No, this seems to be a TCP/IP issue rather than an https protocol issue. Just using netcat to check the connectivity fails.
netcat -zvn 128.231.243.251 443
(UNKNOWN) [128.231.243.251] 443 (?) : Connection timed out
Is it a routing issue?
It doesn't seem to be - after all, the host can access the problem site, and the docker container can access other external sites.

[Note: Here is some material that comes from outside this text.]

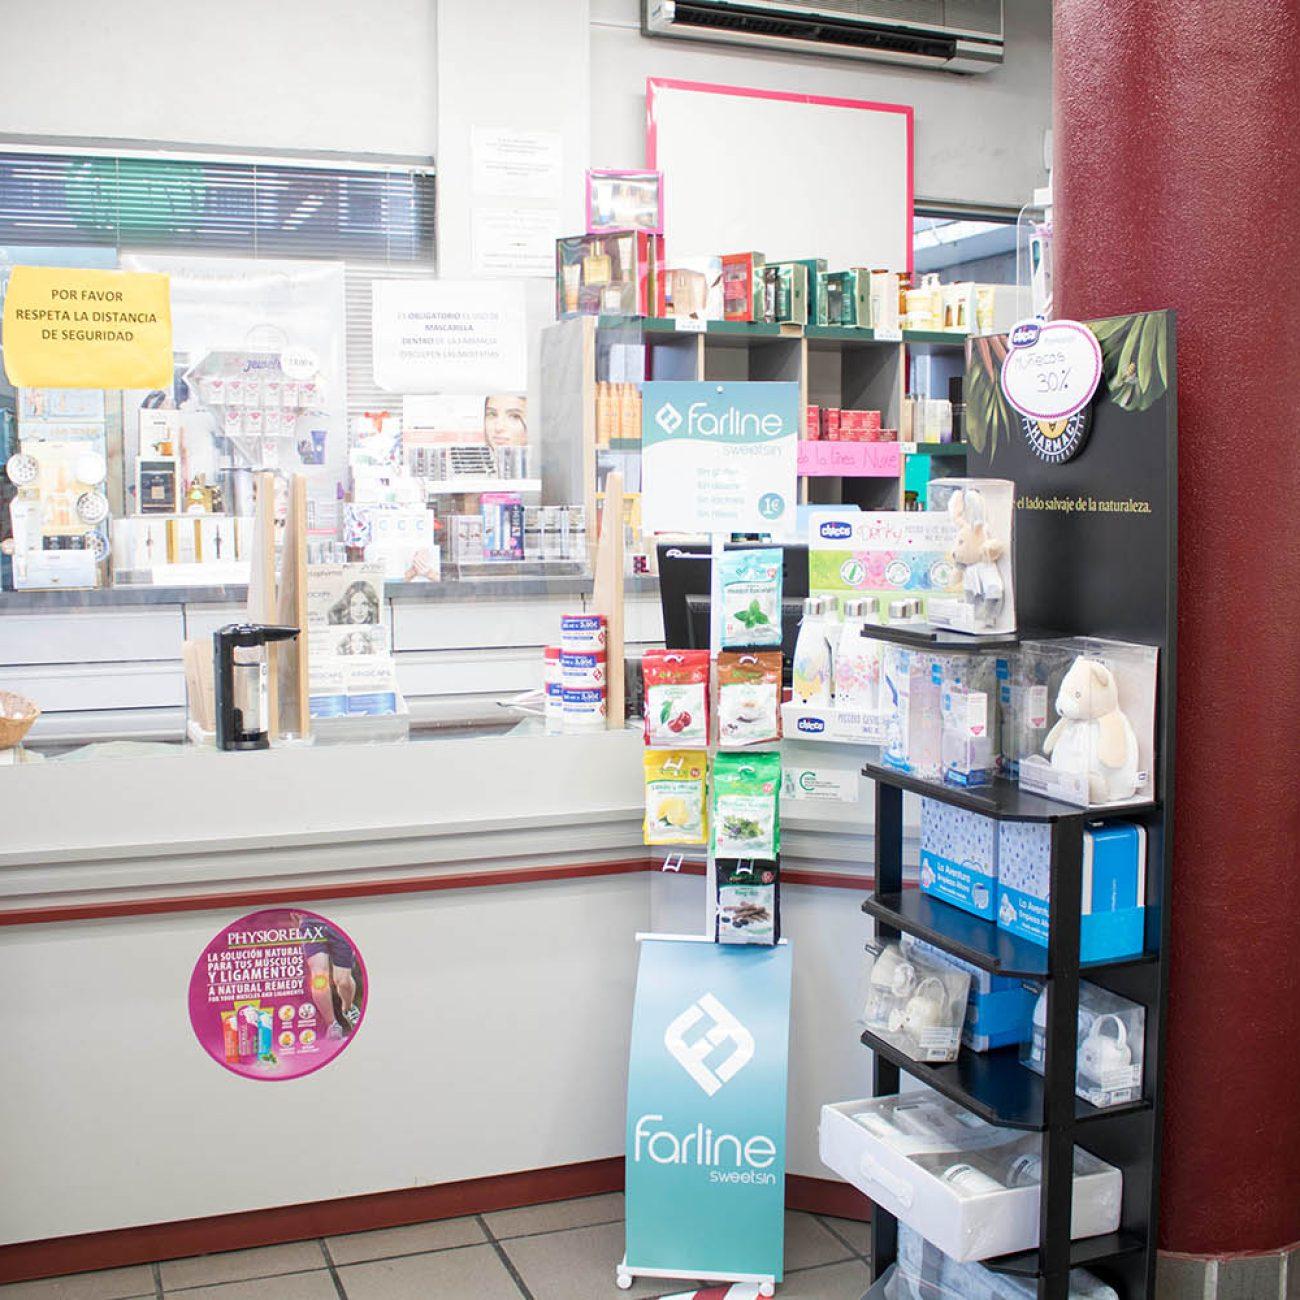 Farmacia Olatz Vergniory en Deusto

Traceroute shows ICMP packets at least are reaching the target network
traceroute 128.231.243.251
traceroute to 128.231.243.251 (128.231.243.251), 30 hops max, 60 byte packets
1 172.17.0.1 (172.17.0.1) 0.063 ms 0.029 ms 0.023 ms
2 * * *
3 10.80.5.46 (10.80.5.46) 1.758 ms 10.80.5.48 (10.80.5.48) 1.864 ms 10.80.5.38 (10.80.5.38) 4.499 ms
4 138.197.249.112 (138.197.249.112) 1.991 ms 138.197.249.122 (138.197.249.122) 2.179 ms 138.197.249.104 (138.197.249.104) 1.961 ms
5 138.197.251.136 (138.197.251.136) 1.659 ms 138.197.251.142 (138.197.251.142) 1.846 ms 138.197.251.138 (138.197.251.138) 1.799 ms
6 212.187.195.149 (212.187.195.149) 4.005 ms 212.187.195.85 (212.187.195.85) 1.800 ms 1.743 ms
7 * * *
8 4.16.68.166 (4.16.68.166) 76.945 ms 76.901 ms 76.869 ms
9 bth-tic-core-rt-a-te-0-0-0-0.net.nih.gov (156.40.93.1) 77.783 ms 77.754 ms 77.632 ms
10 156.40.93.170 (156.40.93.170) 76.519 ms 76.473 ms 76.429 ms
11 156.40.93.171 (156.40.93.171) 77.745 ms 76.627 ms 77.020 ms
12 * * *
...
30 * * *
I can also show a good trace using TCP SYN packages
traceroute --tcp 128.231.243.251
traceroute to 128.231.243.251 (128.231.243.251), 30 hops max, 60 byte packets
1 172.17.0.1 (172.17.0.1) 0.066 ms 0.017 ms 0.017 ms
2 * * *
3 10.80.5.34 (10.80.5.34) 1.881 ms 10.80.5.46 (10.80.5.46) 2.113 ms 10.80.5.36 (10.80.5.36) 1.832 ms
4 138.197.249.98 (138.197.249.98) 3.127 ms 138.197.249.120 (138.197.249.120) 1.978 ms 138.197.249.106 (138.197.249.106) 1.853 ms
5 138.197.251.140 (138.197.251.140) 1.784 ms 1.826 ms 138.197.251.132 (138.197.251.132) 1.705 ms
6 212.187.195.149 (212.187.195.149) 2.859 ms 1.457 ms 1.389 ms
7 * * *
8 4.16.68.166 (4.16.68.166) 76.470 ms 76.446 ms 76.520 ms
9 bth-tic-core-rt-a-te-0-0-0-0.net.nih.gov (156.40.93.1) 77.602 ms 77.582 ms 77.492 ms
10 156.40.93.170 (156.40.93.170) 76.005 ms 76.733 ms 76.459 ms
11 * * *
12 * * *
13 * * *
14 * * *
15 * * *
16 * * *
17 128.231.243.251 (128.231.243.251) 77.268 ms 77.215 ms 76.815 ms
next moves?
At this point, I'm baffled as to how to narrow this down further. To me, it feels like there's something about the networking at the remote end which is unusual but only manifests itself within docker's networking mechanisms.